Sports venue in Budapest, Hungary

Illovszky Rudolf Stadion is a multi-use stadium in Angyalföld, Budapest, Hungary. It is used mostly for football matches and is the home stadium of Vasas SC. The stadium holds 5,054 people.

==History==
===Planning===
On 8 December 2015 it was announced that a completely new stadium will be built by the end of the year 2017. László Markovits, president of Vasas SC, said that the constructions will begin in the 2016–17 Nemzeti Bajnokság I season. Therefore, the club will have to move to the newly built Hidegkuti Nándor Stadium to play the rest of the matches. The capacity of the stadium will be 5,000.
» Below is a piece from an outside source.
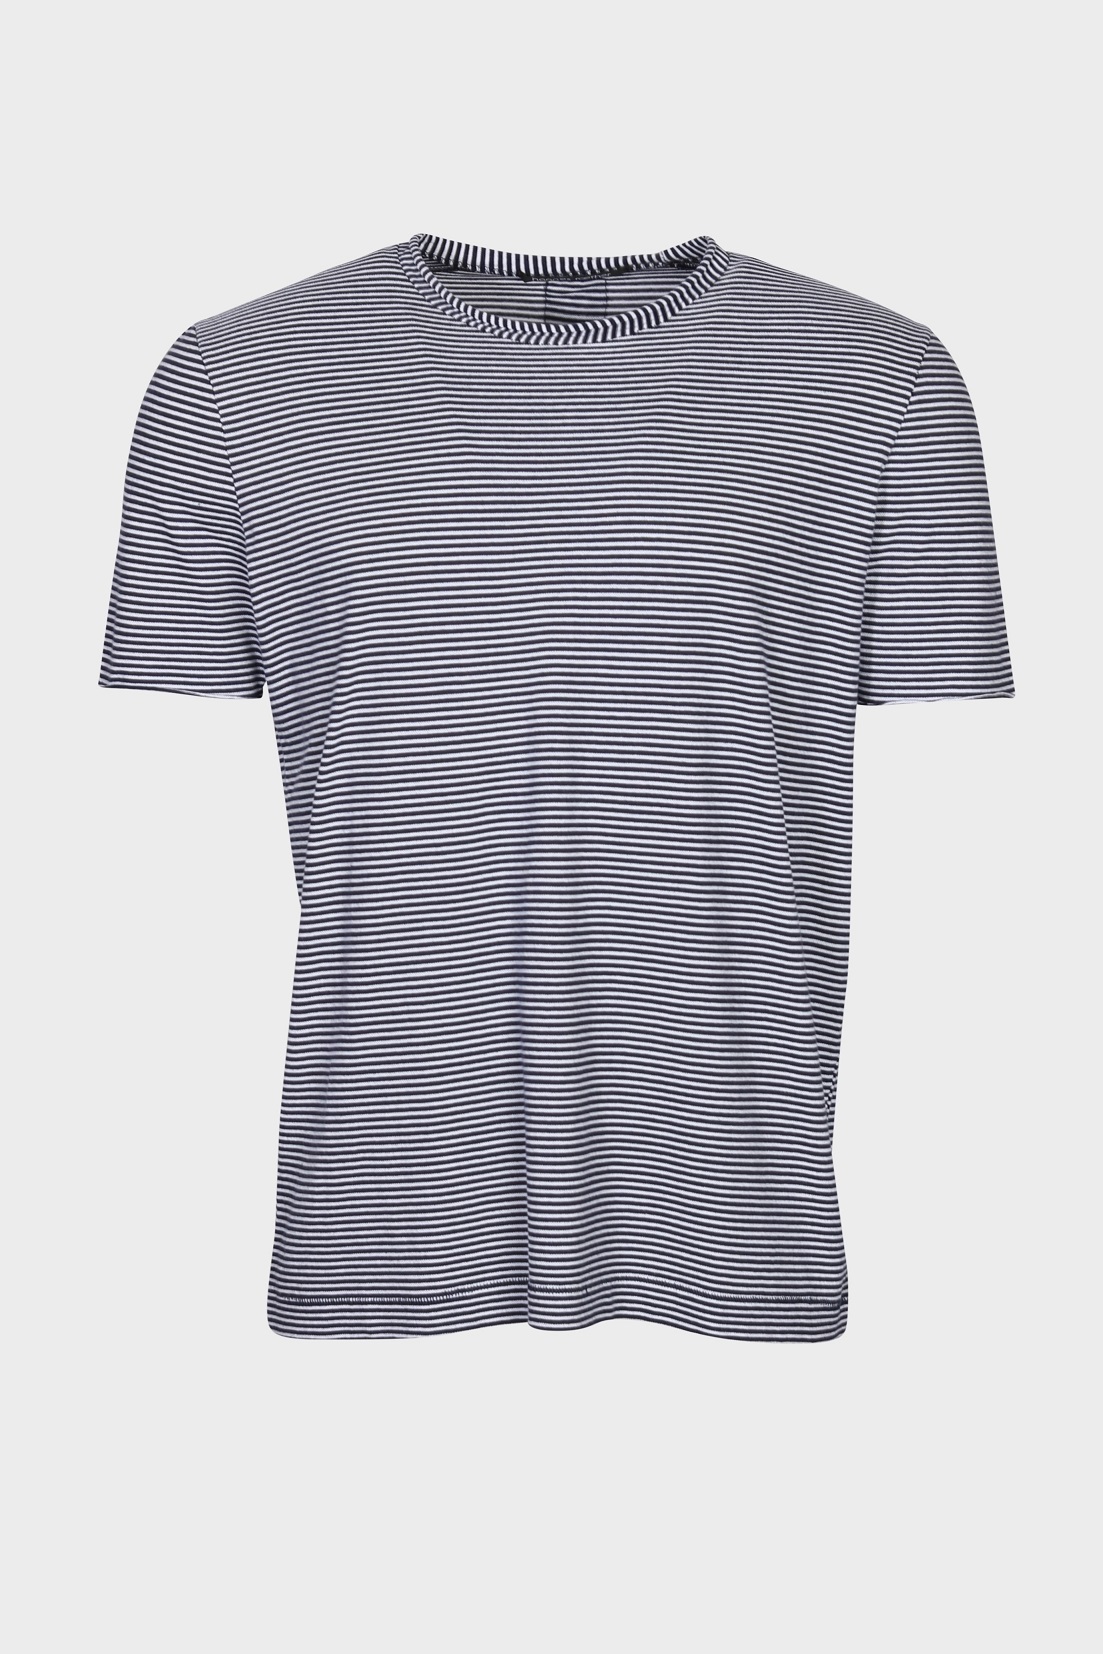 HANNES ROETHER T-Shirt in Navy/White Stripes M
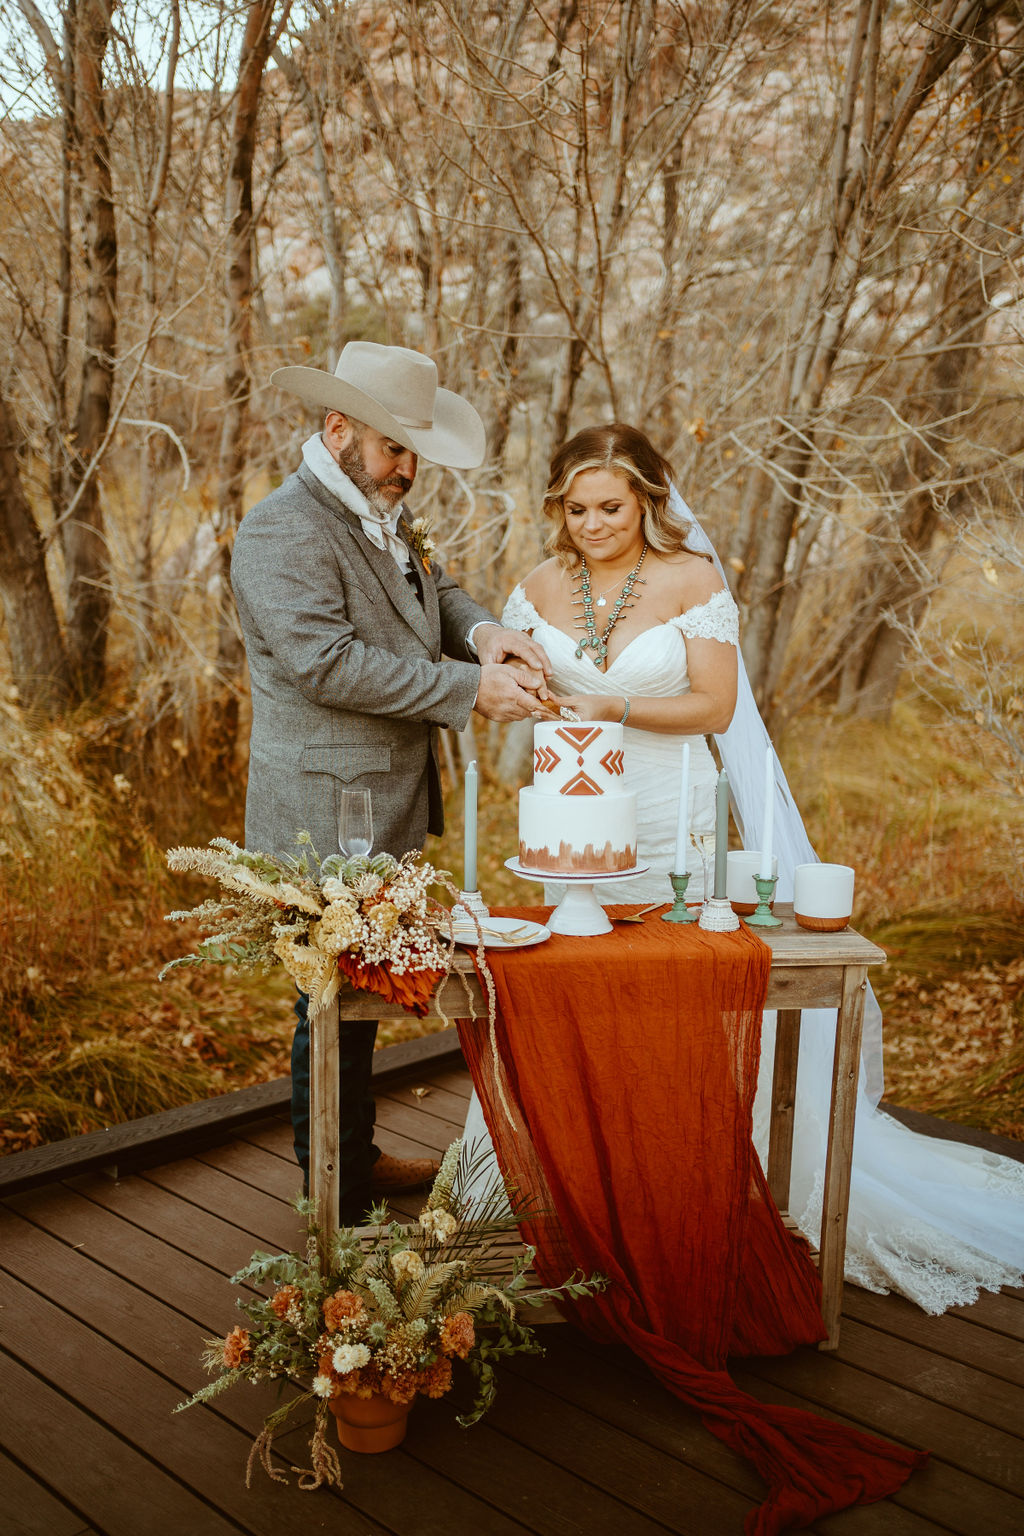 Newlyweds Cutting Cake during Western Inspired Turquoise Boho Elopement with Designed Cake Table and Dried Desert Florals

On 29 October 2016, the last match was played at the stadium. Vasas SC hosted Videoton FC on the 14 match day of the 2016–17 Nemzeti Bajnokság I season. The first goals was scored by Remili in the 37th minute. However, the last goal was scored by Lazović in the 92nd minute. The match ended with a 1–1 draw in front of 5,050 spectators.

On 1 November 2016, it was revealed that the new stadium will be rotated minimally. The new stadium will be perpendicular to Fáy utca.

On 7 January 2017, the supporters of Vasas wrote an open letter asking for a stadium with a bigger capacity. Vasas FC backed the idea to apply for a bigger stadium.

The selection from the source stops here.